Поэтому, когда Несс явилась в суд, она уже прекрасно знала, что ее подставили и бросили, что она осталась одна. С ней была Кендра, но Несс и в голову не приходило искать у тетки поддержки, равно как и у социального работника Фабии Бендер — Несс с ней наконец познакомилась, хотя и не рассказала ничего существенного. И вот, стоя на слушании, Несс демонстрировала настолько полное отсутствие смирения и раскаяния, что у судьи возникло желание запустить в девушку своими толстыми книгами.
Спасло Несс только то, что она впервые нарушила закон. Ее приговорили всего лишь к двум тысячам часов общественно полезных работ, хотя другую бы девушку, проявлявшую столько пренебрежения к суду, адвокату и собственной судьбе, отправили бы в борстал [18] — как упорно, со старомодной торжественностью, которая в иных условиях, возможно, выглядела бы очаровательной, именовал это заведение судья. Несс должна была трудиться под наблюдением ответственного лица, с предоставлением подробного отчета за его подписью. А также, заключил свою речь судья, с наступлением осеннего семестра мисс Кэмпбелл обязана посещать занятия в школе.
18
Борстал — карательно-исправительное учреждение для преступников в возрасте от 16 лет до 21 года.
— Ты легко отделалась, Ванесса, — заметила Фабия Бендер.
Кендра Осборн согласно кивнула. Однако Несс представляла бесконечную череду часов, отданных общественно полезным работам, и ей казалось, что они будут тянуться до конца ее жизни. Несс была крайне недовольна приговором и убеждена, что мир вообще устроен несправедливо.
— Ага, легко, — буркнула Несс.
— Если тебе не нравится, назови имена и адреса своих подружек, — добавила Кендра.
Поскольку Несс не собиралась этого делать — даже при том, что Сикс и Наташа отреклись от нее, — ничего не оставалось, как приступить к исправительным работам. Ей объявили, что трудиться предстоит в Детском центре в Минвайл-гарденс. Даже близость этого заведения
к дому не утешила Несс. У нее был вид человека, проданного в рабство, и она решила при первой же возможности объяснить это руководителю работ, с которым вскоре и познакомилась.Прямо в день вынесения приговора некая Маджида Гафур позвонила и сообщила, что первая явка — сегодня же. Поскольку Несс живет на расстоянии пятидесяти ярдов от места прохождения работ, ей следует быть немедленно и ознакомиться с правилами.
— Правила? Какие еще правила? — удивилась Несс. — Это же не тюрьма, а работа.
— Работа, которая является обязательной по приговору суда, — напомнила Маджида. — Пожалуйста, будь вовремя. Жду десять минут, потом звоню инспектору по пробации. [19]
19
Пробация — вид условного осуждения, при котором осужденный остается на свободе, но находится под надзором сотрудника службы пробации.
— Вот дерьмо!
— Фу, какое некрасивое слово! — произнесла Маджида с приятным восточным акцентом. — У нас в Детском центре не принято сквернословить, мисс.
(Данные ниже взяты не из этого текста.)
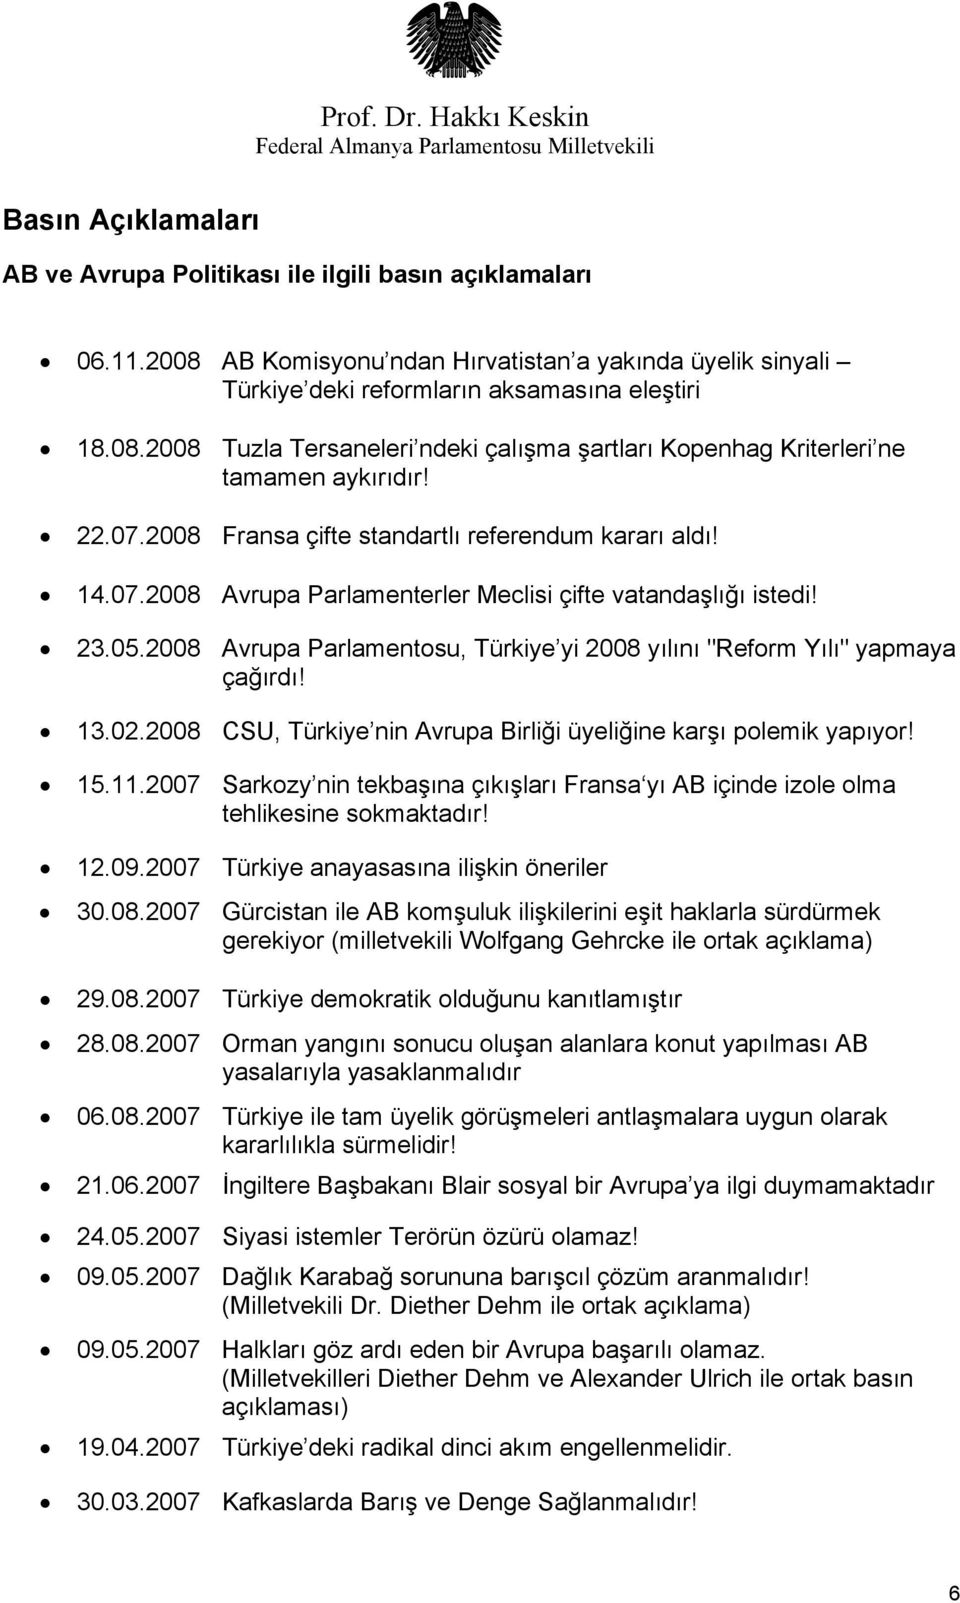 2008 Avrupa Parlamentosu, Türkiye yi 2008 yılını "Reform Yılı" yapmaya çağırdı! 13.02.2008 CSU, Türkiye nin Avrupa Birliği üyeliğine karşı polemik yapıyor! 15.11.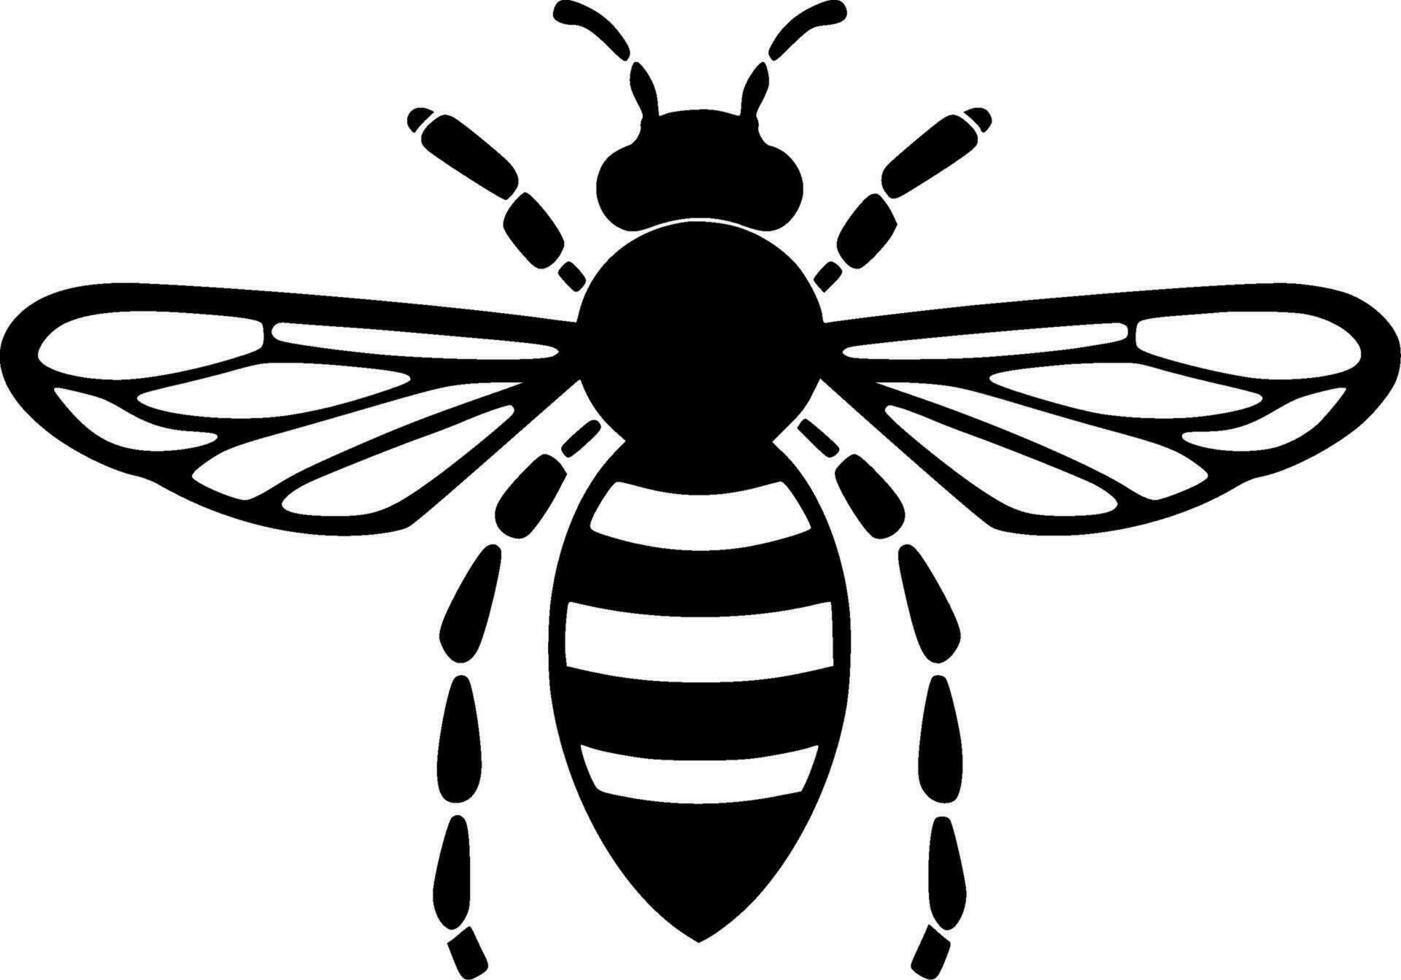 abelha, Preto e branco vetor ilustração

Несс отправилась в своем обычном виде. Она пересекла игровую площадку и вошла в напоминающий сарай дом, предназначенный для игр и занятий детей от шести лет. Там Маджида вместе с воспитанниками мыла посуду после полдника, состоящего из молока и тостов с земляничным джемом. Женщина протянула Несс полотенце и велела вытирать чашки, предупредив: «Будь осторожна, за разбитую посуду придется платить».
Маджида Гафур, нестарая еще женщина, оказалась уроженкой Пакистана. Будучи вдовой, она нарушила национальную традицию и отказалась жить в семье одного из своих женатых сыновей. «Их жены — чересчур англичанки», — говорила она, хотя сама выбирала каждую. Внуков, которых было одиннадцать, Маджида находила славными, но непослушными. Она считала, что отцам пора за них взяться.
— Нет уж, мне лучше, когда я сама себе хозяйка, — объясняла она Несс, которую не слишком интересовали подробности жизни Маджиды. — Тебе будет хорошо в Детском центре. Если будешь соблюдать правила, конечно.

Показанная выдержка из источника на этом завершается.